-- SOURCE INFORMATION follows --

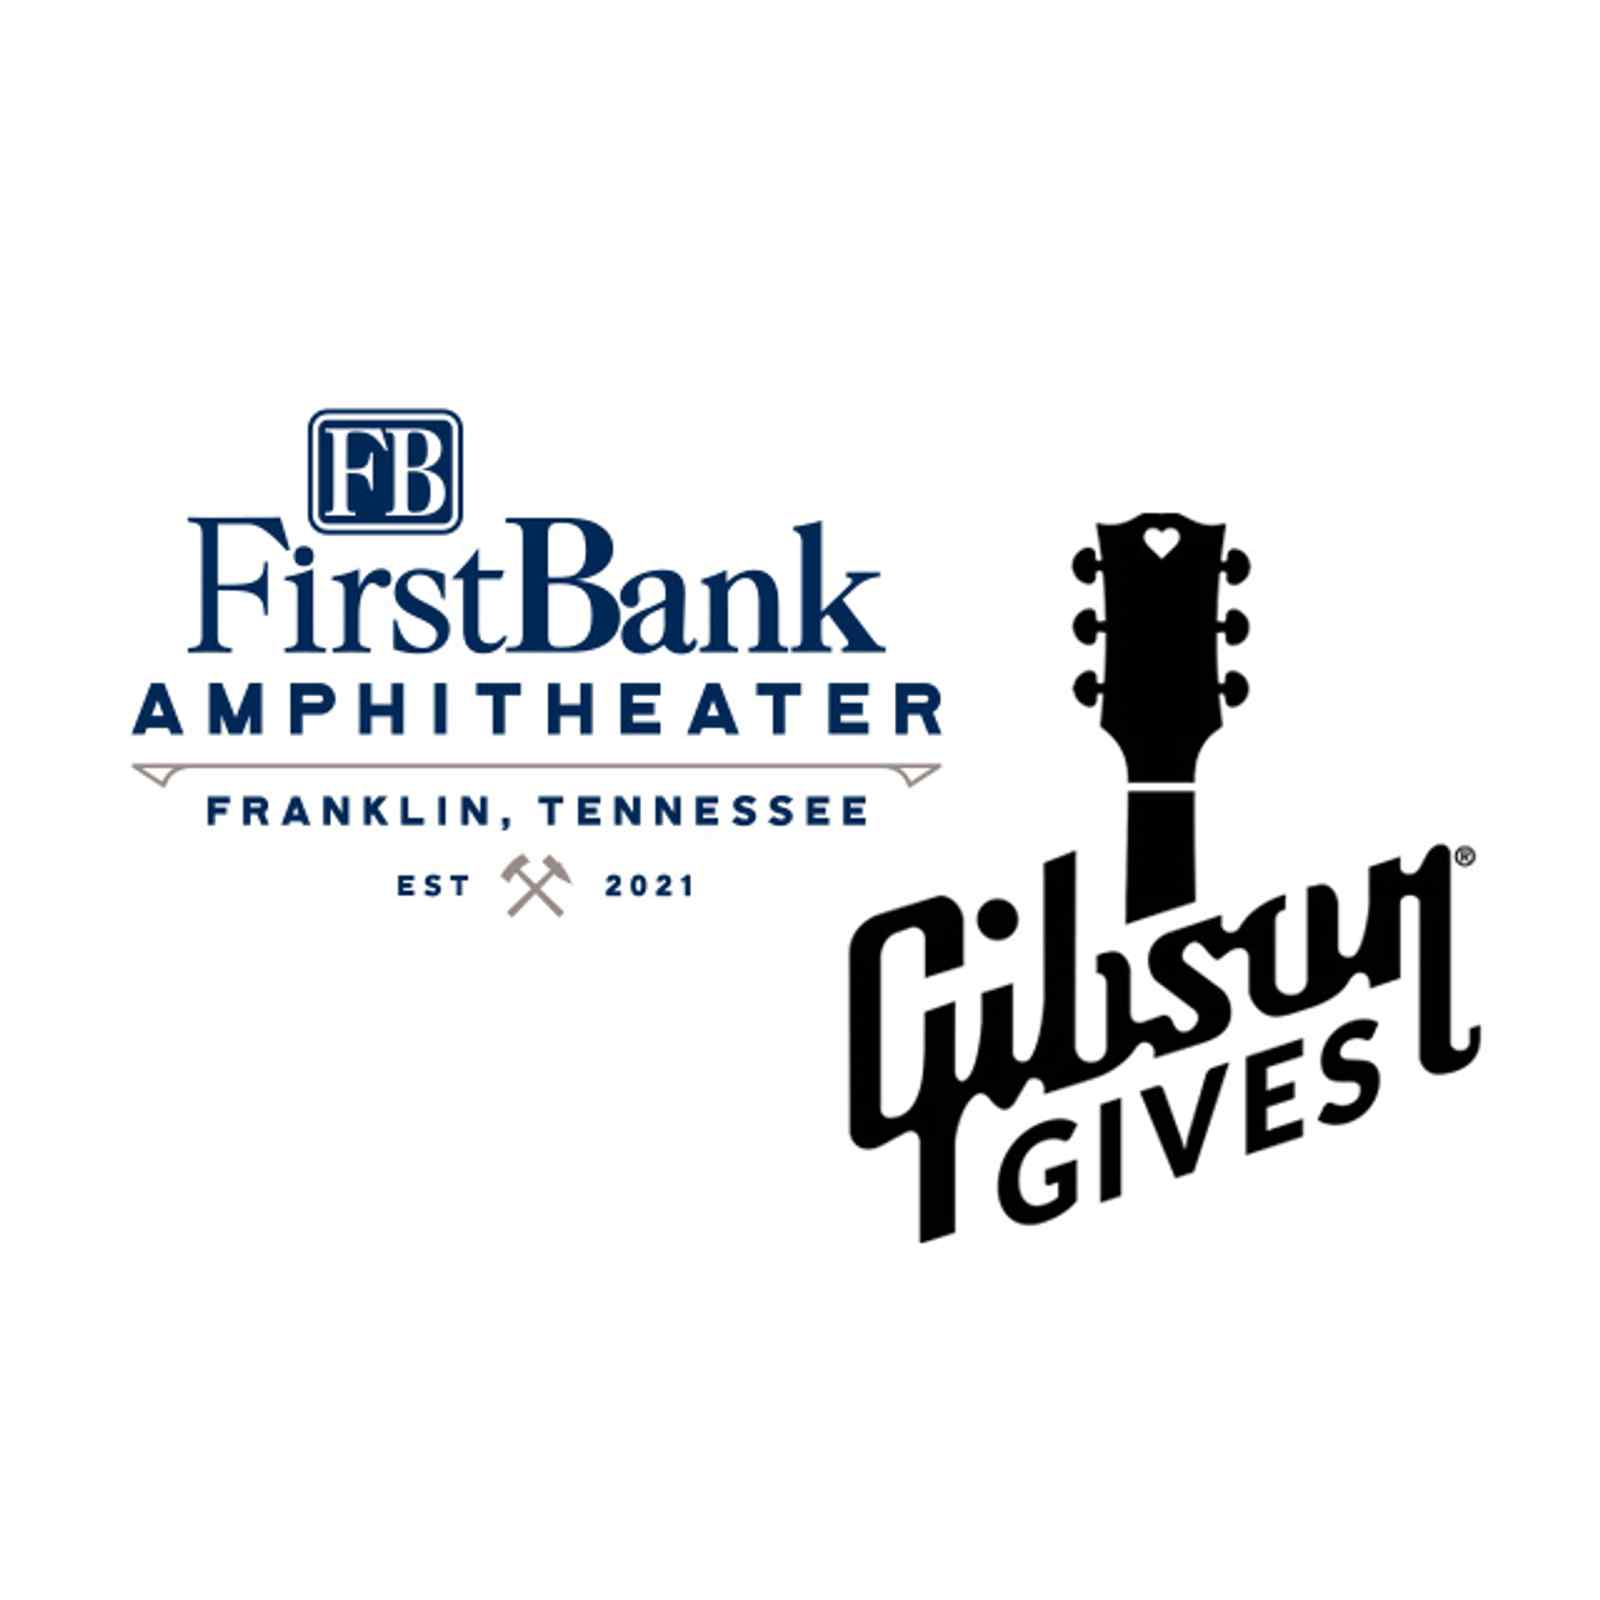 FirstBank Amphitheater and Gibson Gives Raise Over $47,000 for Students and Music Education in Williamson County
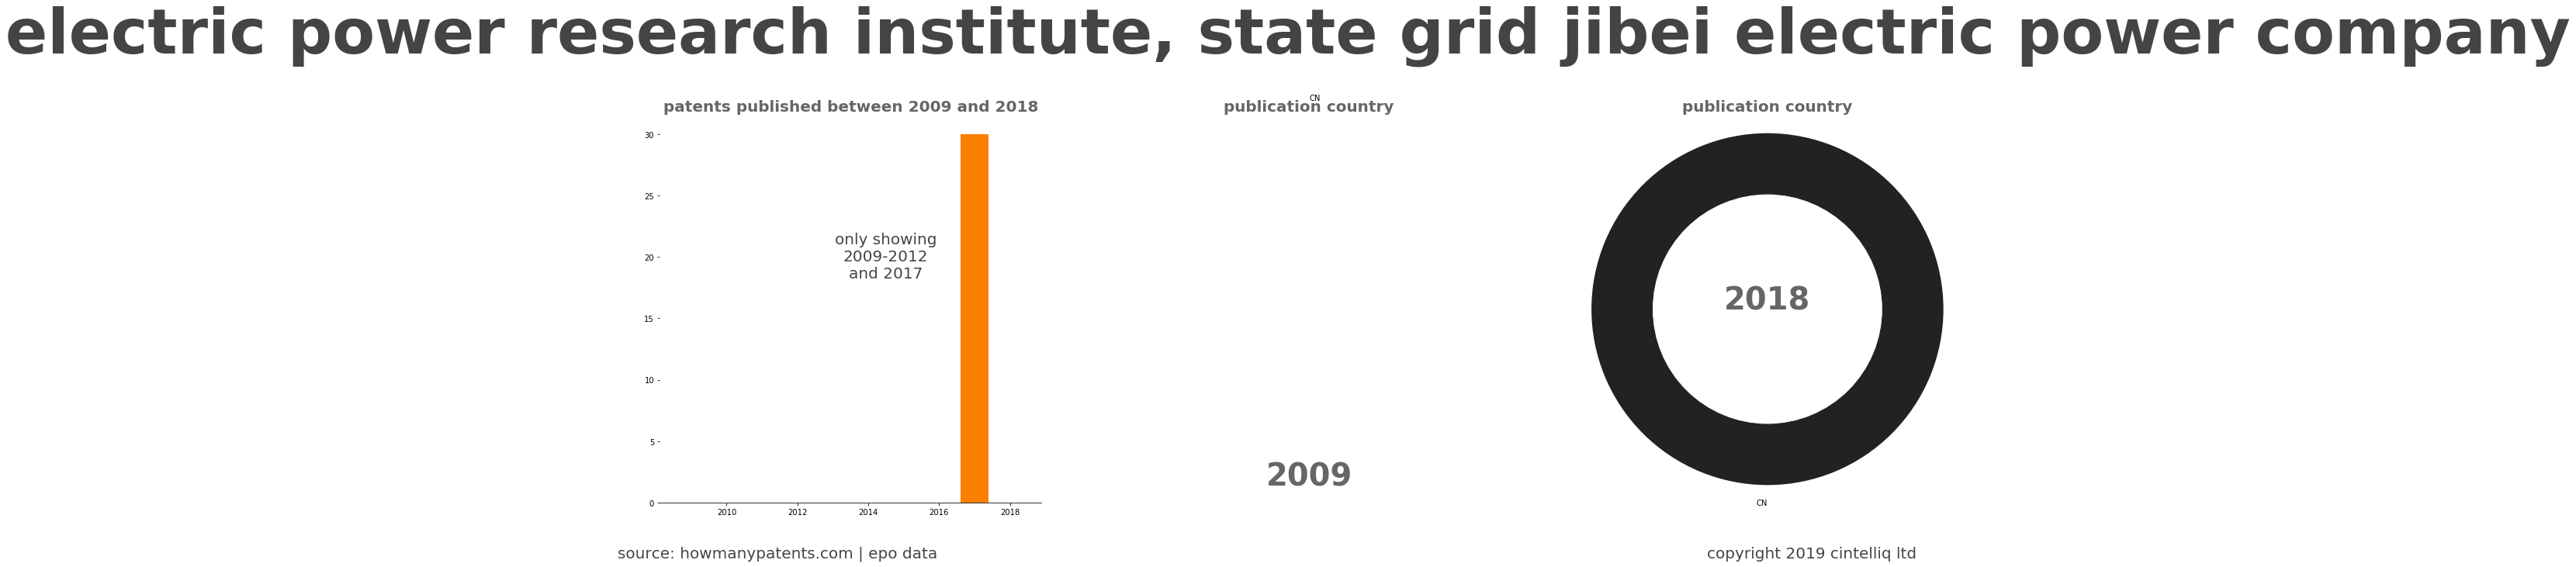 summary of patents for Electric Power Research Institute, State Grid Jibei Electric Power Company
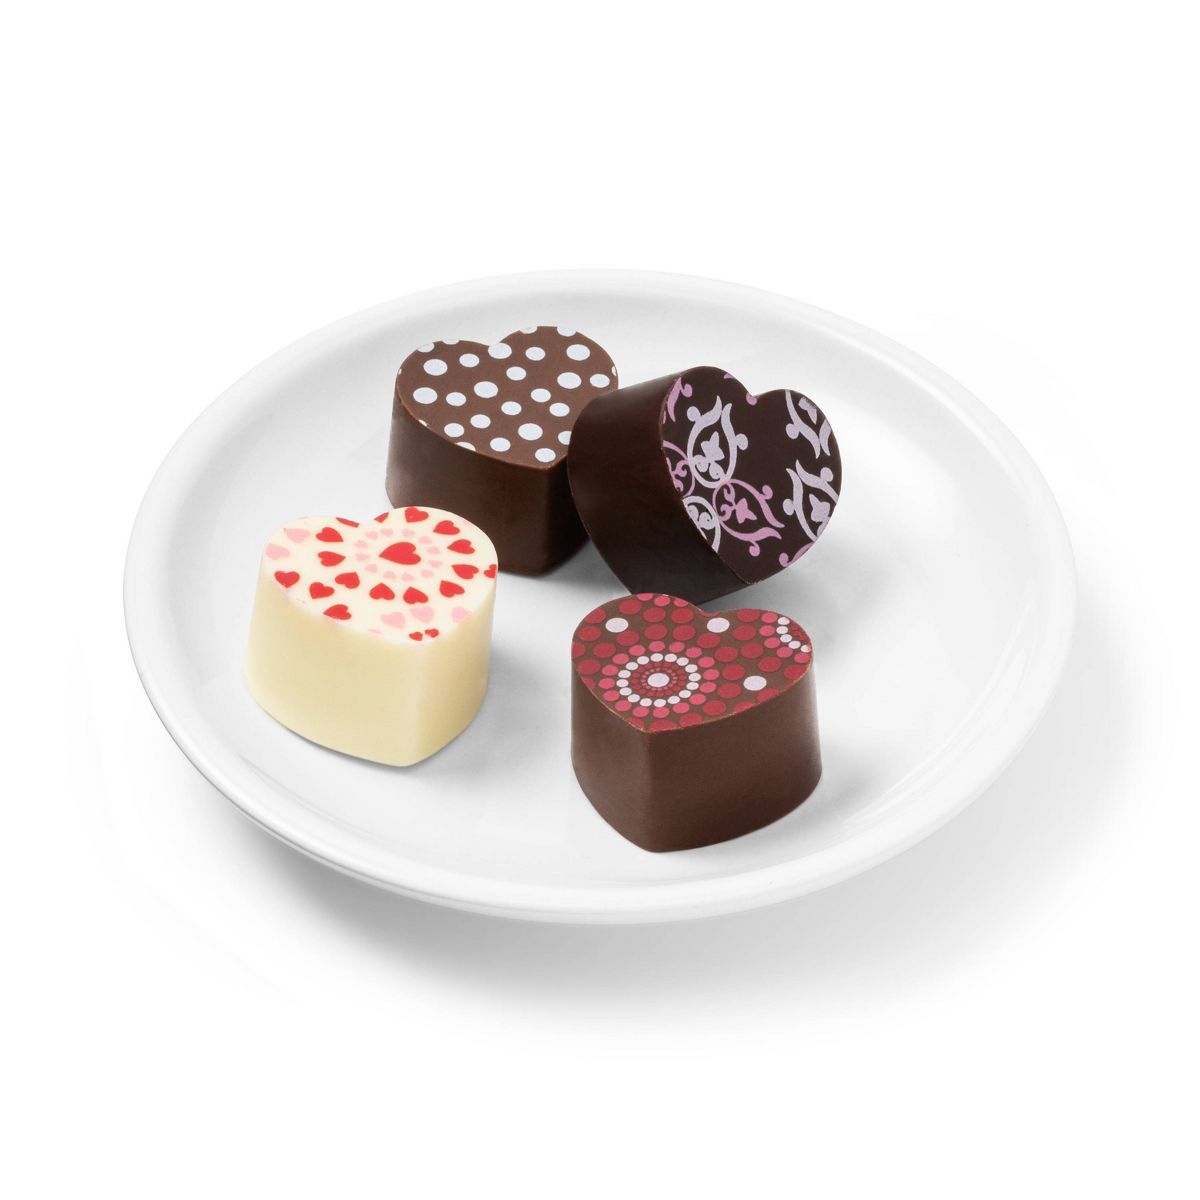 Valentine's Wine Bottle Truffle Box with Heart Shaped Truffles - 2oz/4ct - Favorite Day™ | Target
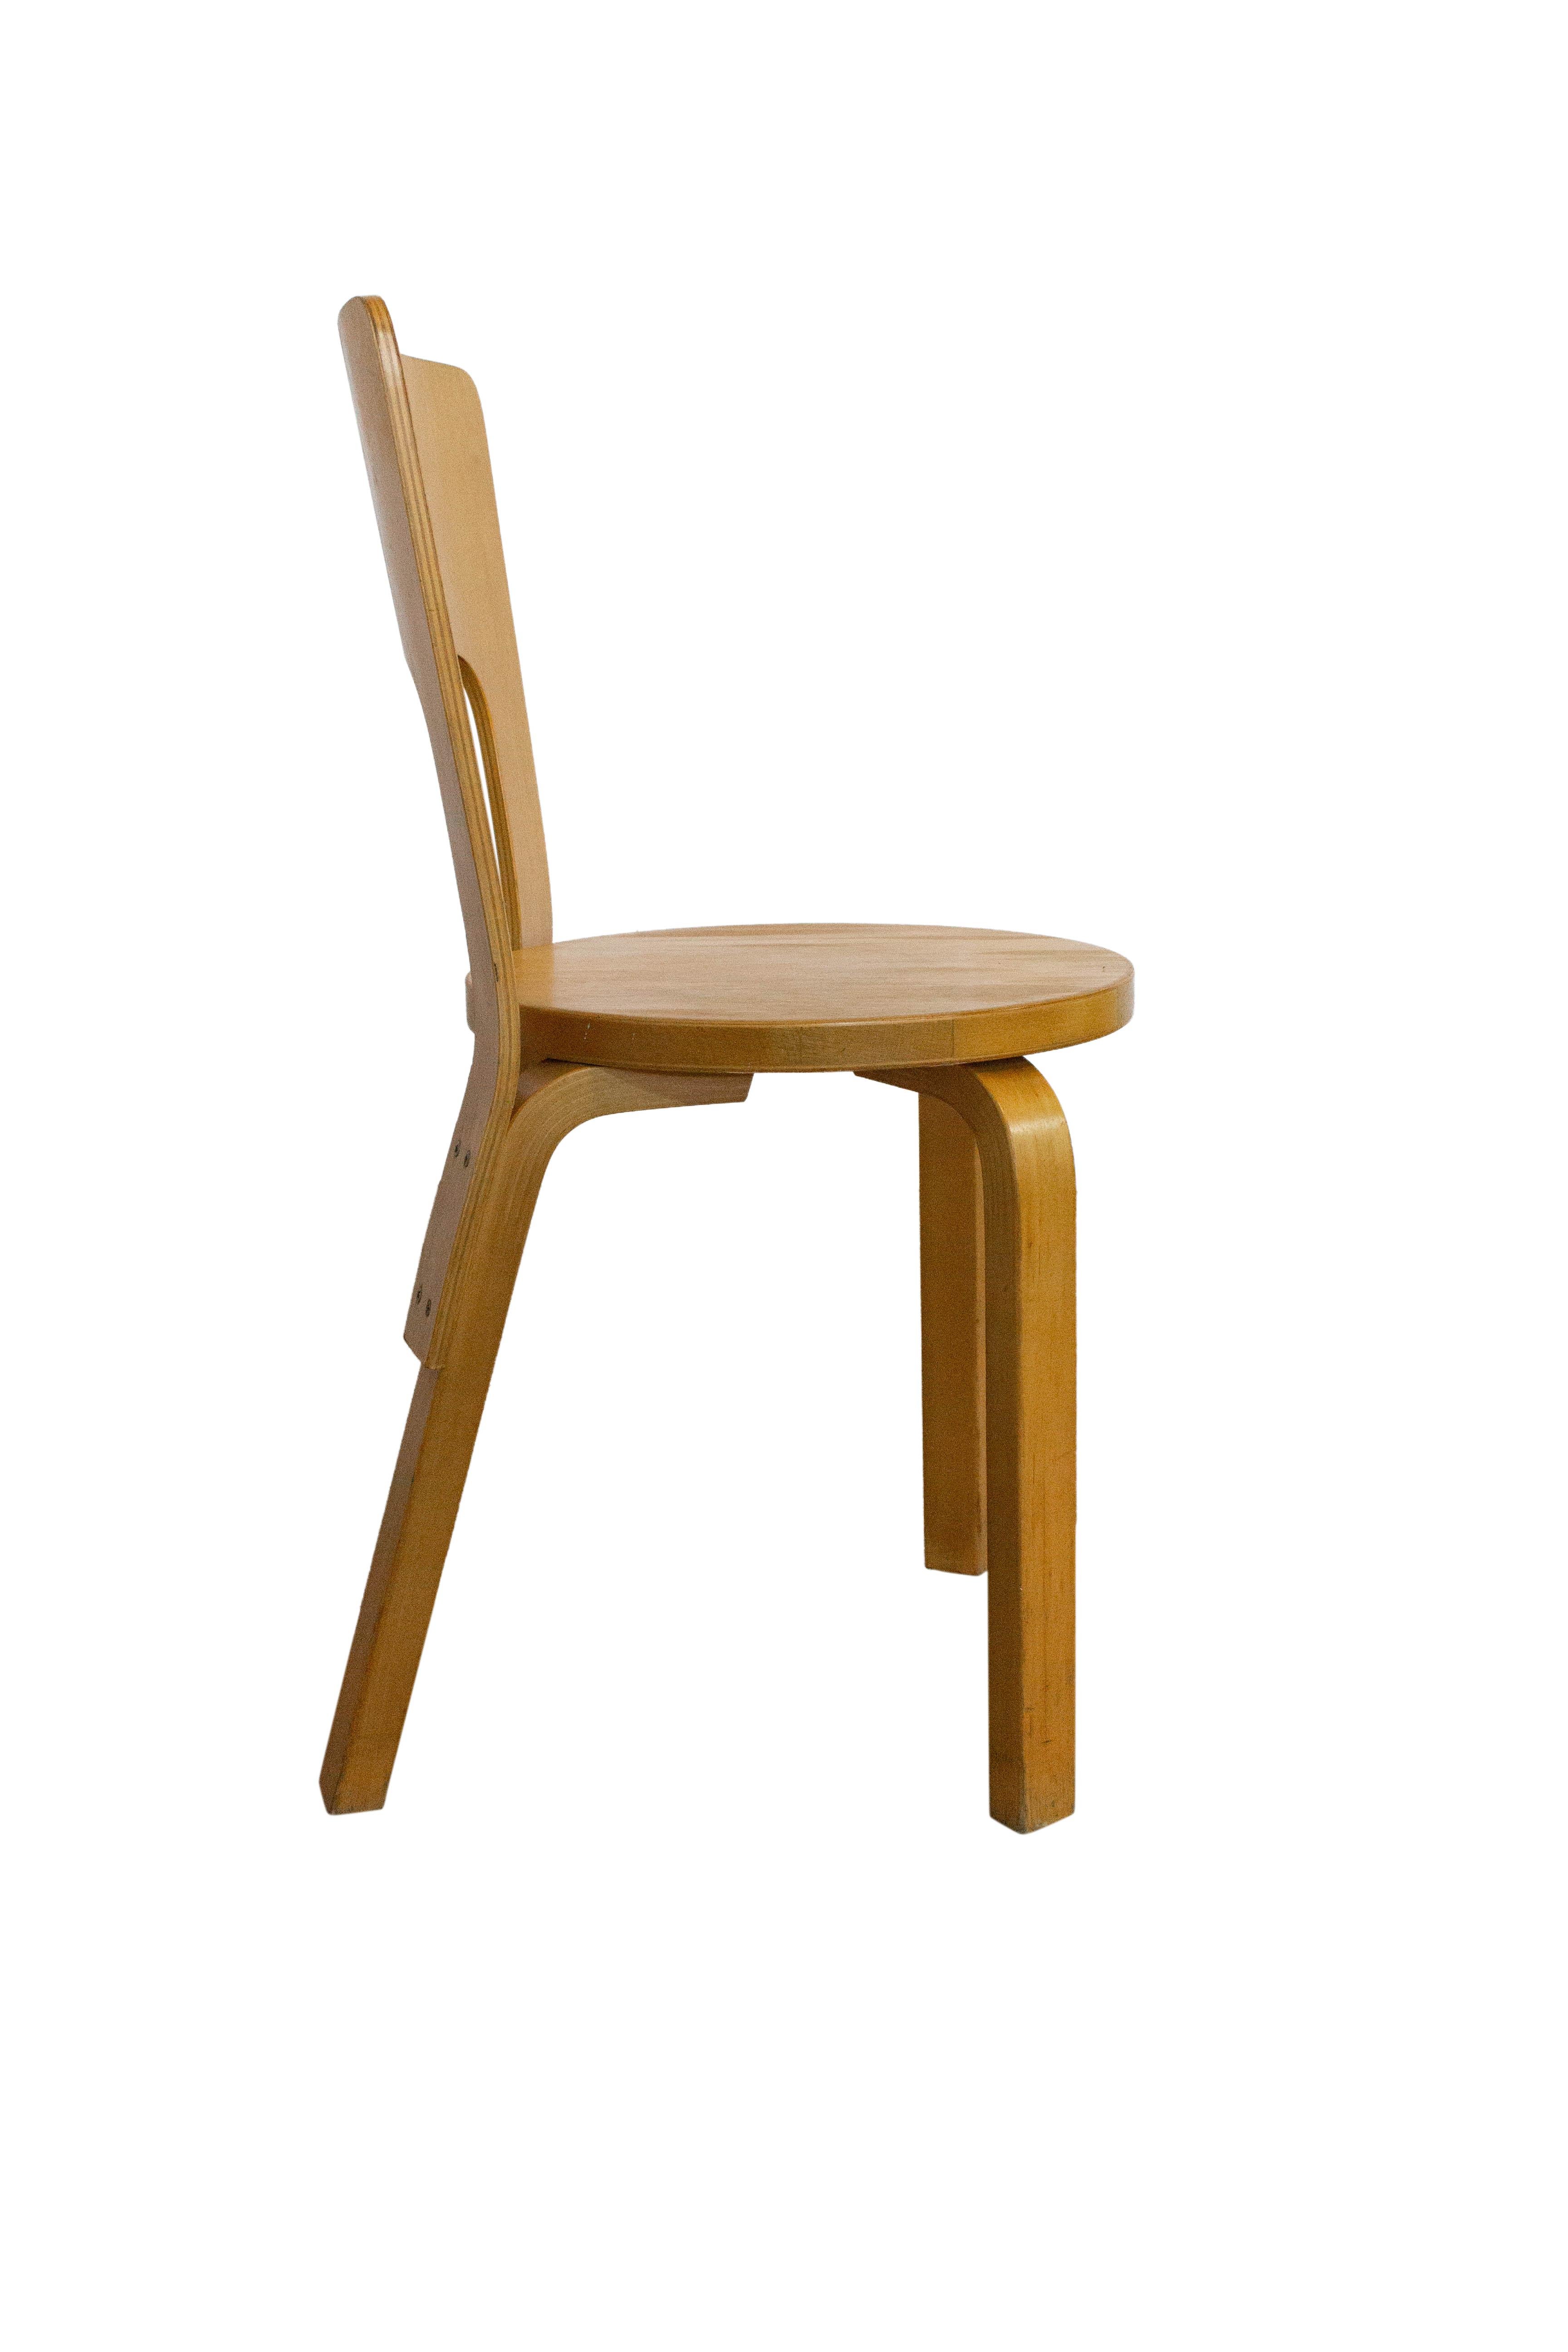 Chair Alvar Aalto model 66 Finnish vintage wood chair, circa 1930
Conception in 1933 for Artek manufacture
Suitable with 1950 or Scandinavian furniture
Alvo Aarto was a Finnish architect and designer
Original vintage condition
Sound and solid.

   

-- SOURCE INFORMATION concluded --

• [INSTRUCTIONS TO FOLLOW]:
Produce an exact repeat of the lines from the one containing "Conception in 1933 for Artek manufacture" through the last line of the data, and nothing more.

• [EXERCISE OUTPUT]:
Conception in 1933 for Artek manufacture
Suitable with 1950 or Scandinavian furniture
Alvo Aarto was a Finnish architect and designer
Original vintage condition
Sound and solid.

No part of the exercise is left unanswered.